The Senate on December 16 passed a tax bill that retroactively extends a package of fifty-five tax provisions through the end of 2014. In other words, by the time President Obama signs the new law, it will remain in effect for less than two weeks.
Included in the extenders are important tax provisions affecting charitable giving, including the charitable IRA rollover, enhanced benefits for conservation easements and contributions of food inventory. While it is great that these tax incentives have been extended, the actual impact on charitable giving is questionable since these provisions expired December 31, 2013 and many planners have been reluctant to recommend charitable giving strategies to their clients when it was uncertain whether the expired provisions would be re-enacted in their prior form, altered in some way, or simply allowed to expire. The one exception may be for qualified contributions of IRA assets, since some IRA owners and their advisors may have been waiting until the eleventh hour to make required minimum distributions – either to the IRA participant or directly to charity.
The potential benefit for donors of the IRA provision are clear:
In years 2006 - 2013, individuals age 70-1/2 or older could distribute up to $100,000 tax-free annually from their IRA to charity, without taking a charitable deduction or including the distribution in gross income. To qualify, the distribution must be made directly by the IRA trustee to a public charity (not a supporting organization or donor-advised fund), and the entire distribution must be deductible under the normal rules (i.e., no quid pro quo that is more than de minimus) (IRC § 408(d)(8)).
John has AGI from other sources of $50,000 in the year in which he instructs his IRA trustee to distribute $100,000 directly to the university.
- Result without extenders:
The transfer from the IRA to charity would be treated as a distribution to John, followed by his contribution to the university. The deemed distribution would increase his AGI from $50,000 to $150,000. The contribution would be allowed as a deduction up to 50% of AGI, or $75,000, leaving him with additional AGI subject to tax resulting from the IRA distribution to the university of $25,000, even though the entire distribution went to charity.
- Result with extenders:
Under the special charitable IRA rollover provision, the distribution from the IRA trustee to the university would not increase John’s AGI (nor would it entitle him to a charitable contribution deduction), with the result that he makes a gift in the same amount, but ends the year with AGI of $50,000.
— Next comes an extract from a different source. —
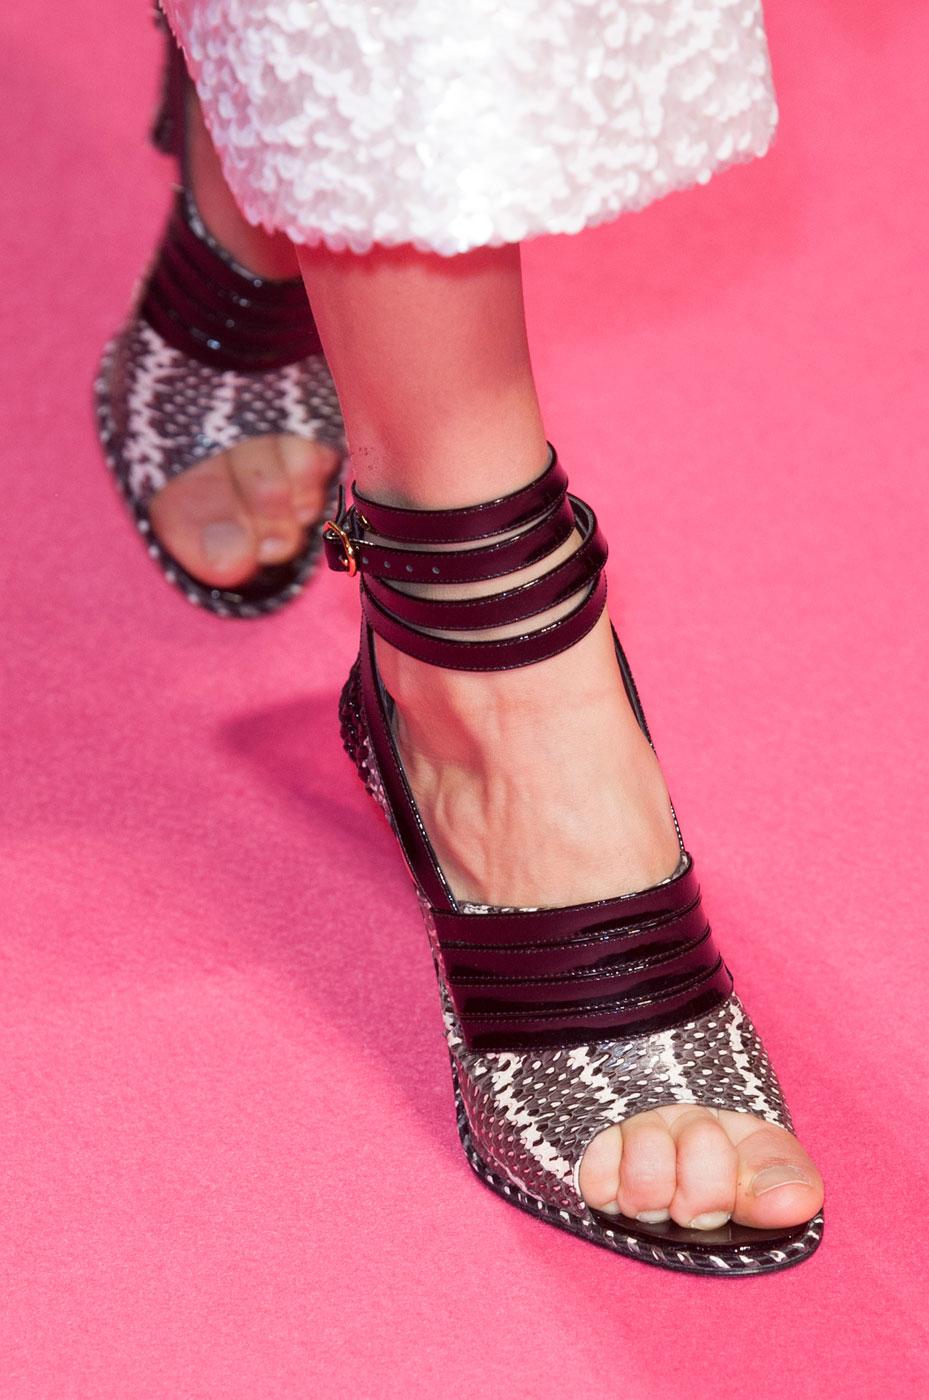 Schiaparelli-fashion-runway-show-close-ups-haute-couture-paris-spring-summer-2015-the-impression-05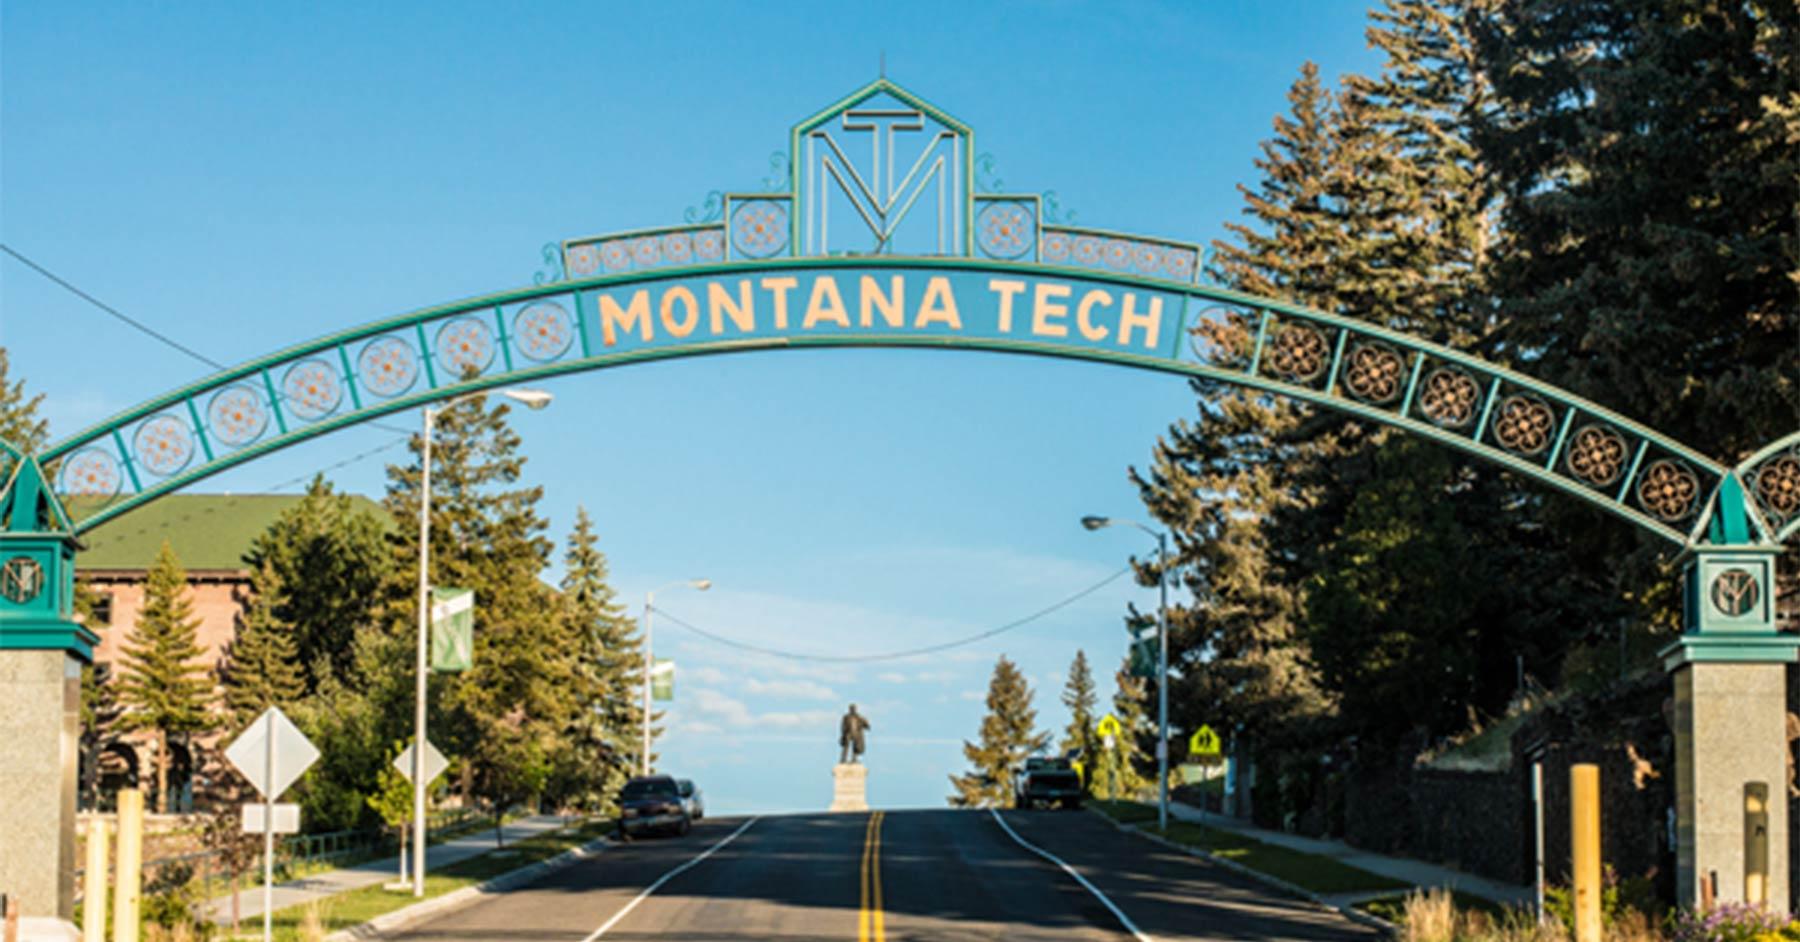 Montana Technological University - Niche

John may have been optimistic that Congress would eventually get its act together and pass the extenders legislation, since it has every year in the past, and arranged for his IRA trustee to make the distribution to his alma mater months ago. Or he may have waited until the last minute to see if the legislation would pass before either taking his minimum required distribution himself or directing it to the university. Either way, the charitable distribution will now qualify and will not be included in John’s income.
This belated extension is nevertheless good news for both donors like John and the charities they support, since the IRA rollover has proven to be a popular fundraising vehicle due to the vast amount of assets held in IRAs, and the fact that holders of those accounts are required to take distributions that they may not necessarily need to spend themselves but would rather have go to charity. It would, of course, be even more beneficial to the charitable sector if the IRA rollover were to be made a permanent part of the Internal Revenue Code, rather than extended every year or two, since it would make it easier for donors to plan their giving (and for advisors to advise them), which explains the effort by the charitable sector we have seen this year encouraging Congress to make the charitable extenders – especially the IRA rollover – permanent.